Итакъ, очевидно, что въ отношеніи размѣровъ существуютъ извѣстные предѣлы для каждаго литературнаго произведенія, а именно — возможность прочтенія его въ одинъ присѣстъ, — и хотя для нѣкоторыхъ видовъ сочиненій въ прозѣ, въ родѣ, напр., Робинзона Крузое, не требующихъ единства, предѣлы эти могутъ быть съ выгодою раздвинуты, но въ поэмѣ ихъ всегда будетъ неблагоразумно переступать. И даже въ этихъ предѣлахъ, объемъ поэмы долженъ быть математически пропорціоналенъ ея достоинству, т.-е. степени ея дѣйствія на душу или, другими словами, количеству истиннаго поэтическаго эффекта, которымъ она способна поражать читателя; для этого правила существуетъ только одно ограничительное условіе, а именно — что для произведенія каждаго даннаго эффекта безусловно требуется опредѣленное количество времени.
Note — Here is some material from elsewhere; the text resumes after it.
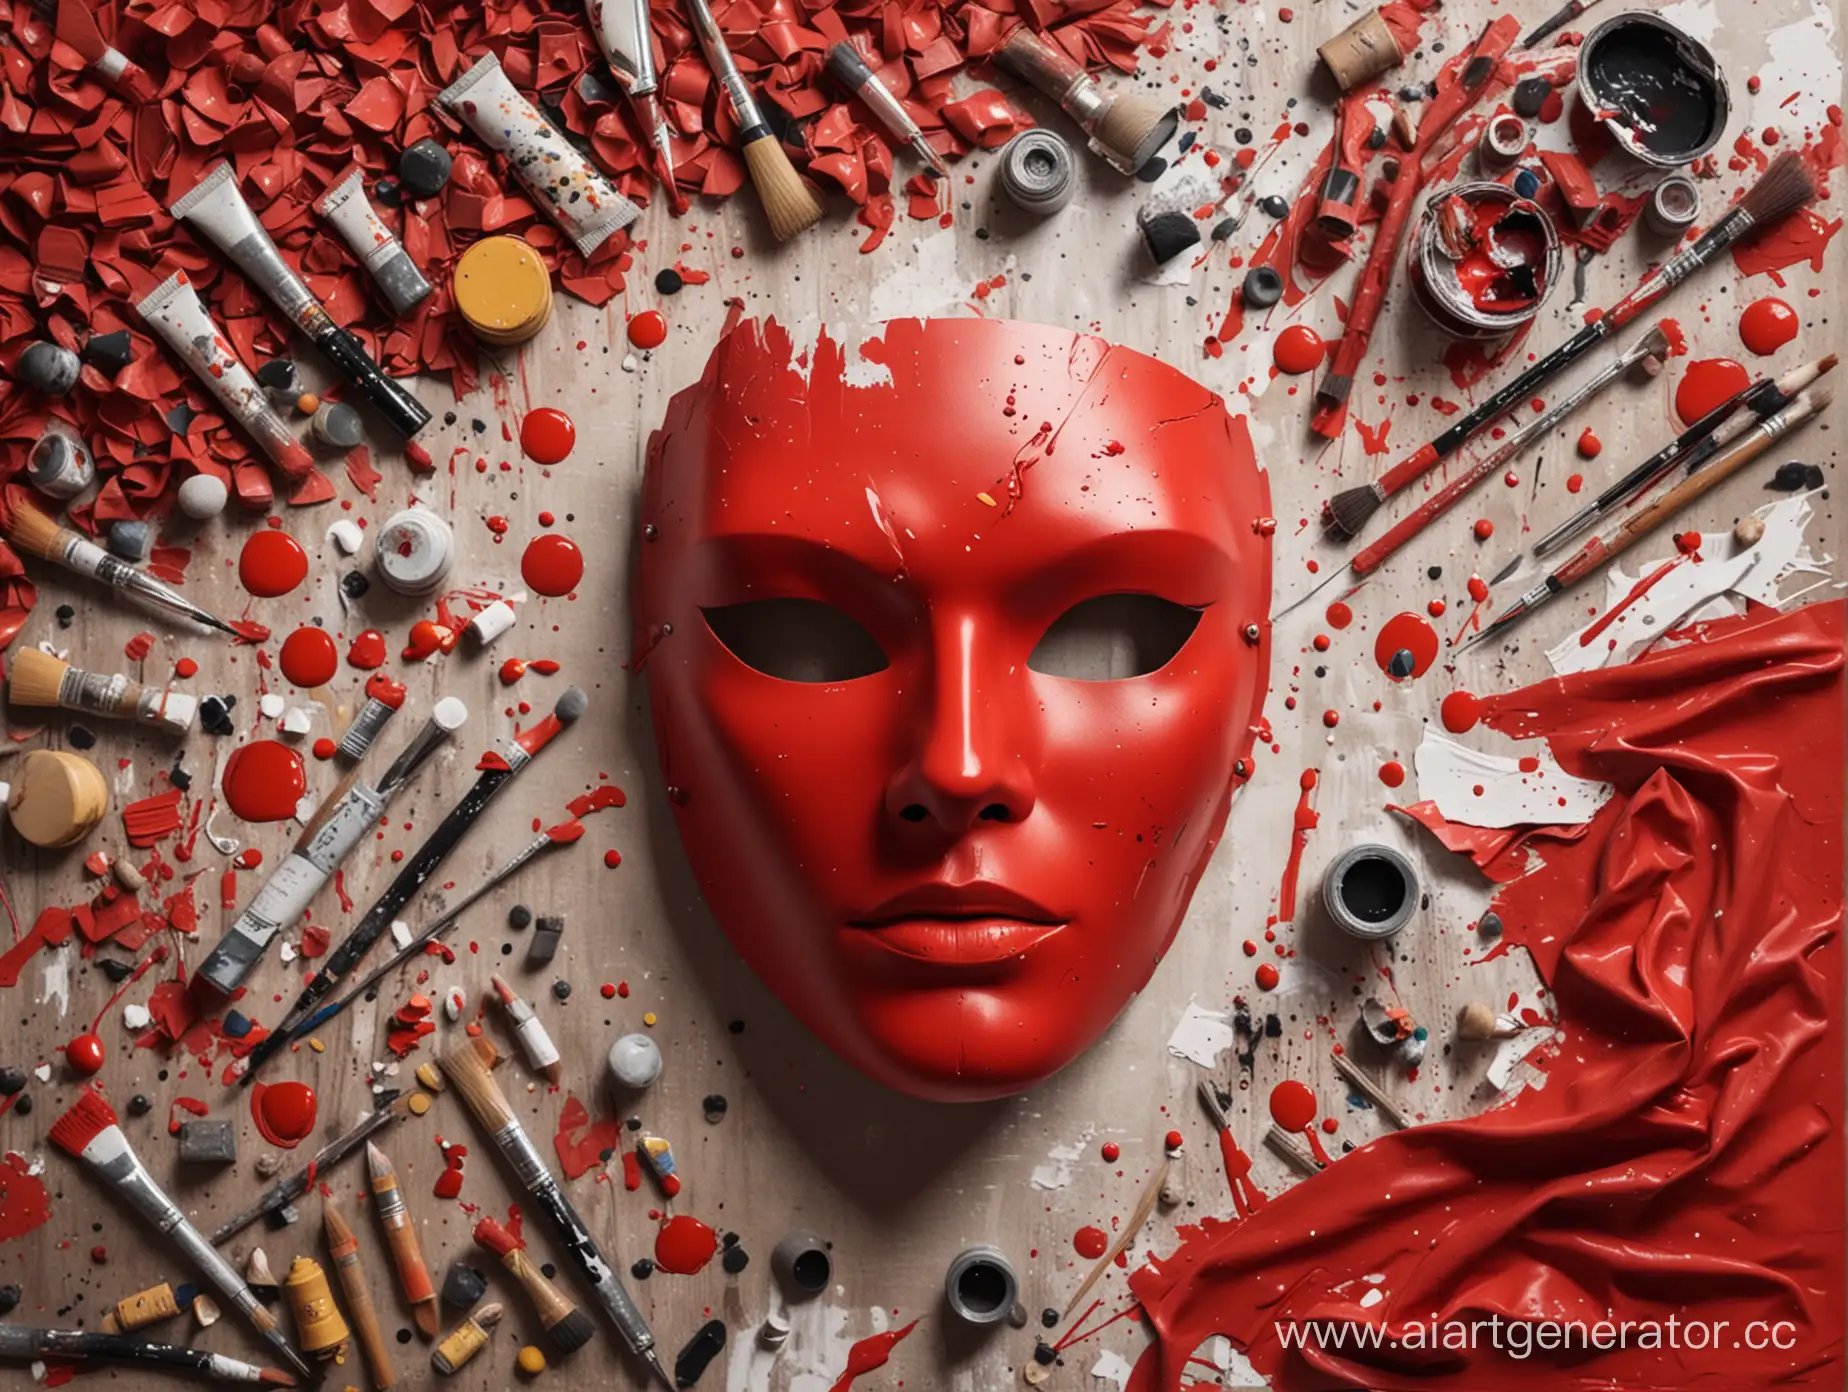 Realistic-Red-Mask-Amidst-Miscellaneous-Items-on-Cramped-Table
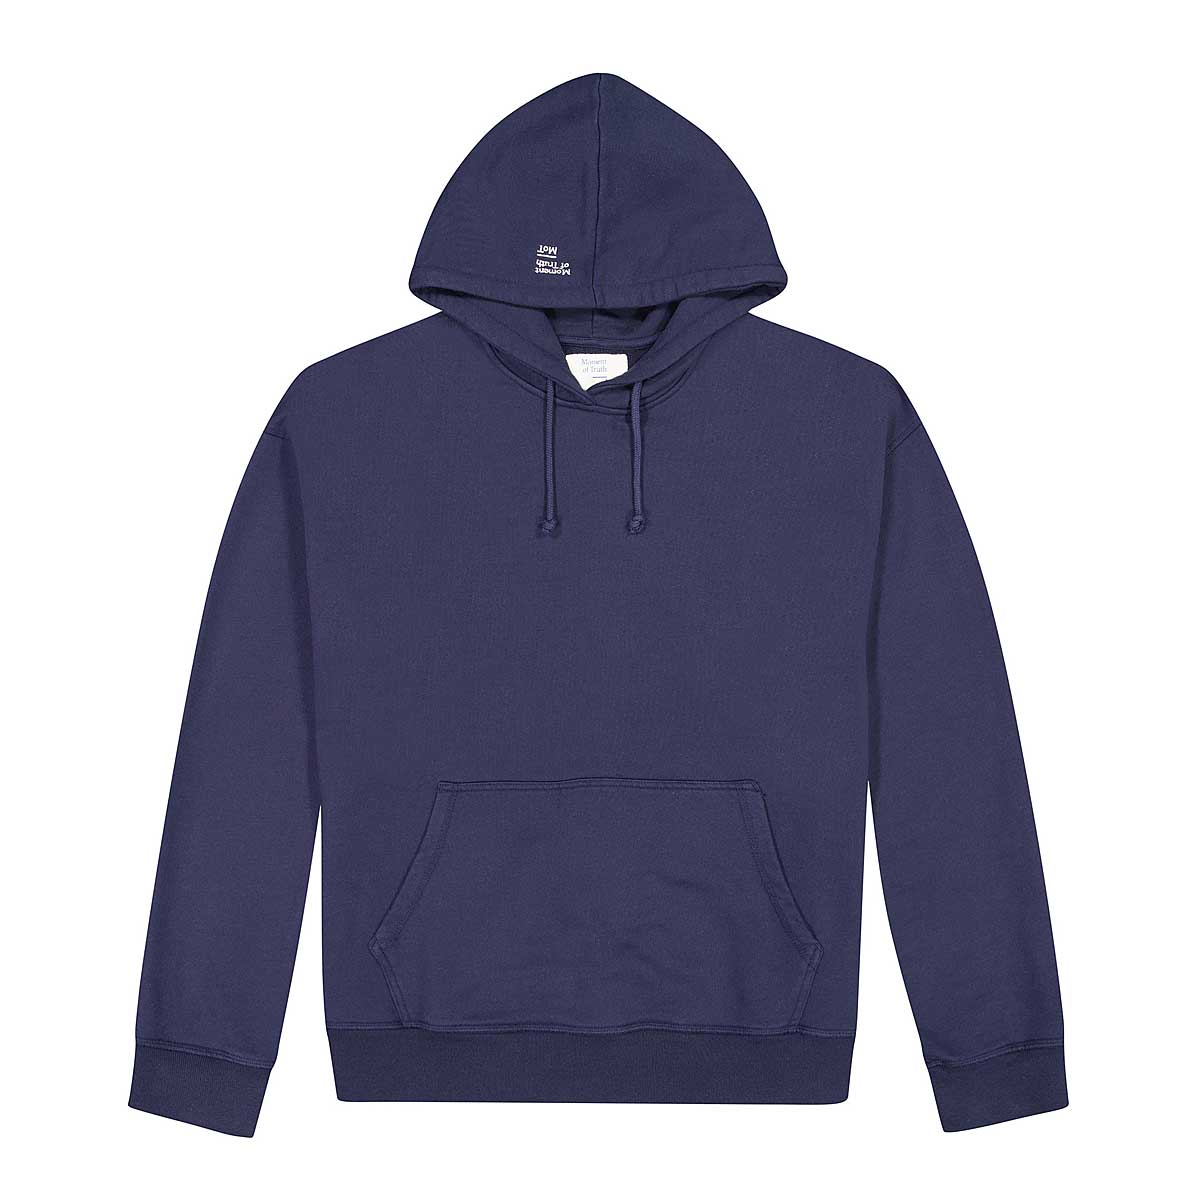 Moment Of Truth Lux Hoody, Peacoat

Строго придерживаясь этихъ соображеній и имѣя въ виду произвести возбужденіе, которое бы не превышало вкуса толпы и не было бы ниже требованій критики, я рѣшилъ, что объемъ поэмы будетъ достаточенъ, если въ ней будетъ заключаться около ста стиховъ. Въ дѣйствительности ихъ и вышло всего 108[2].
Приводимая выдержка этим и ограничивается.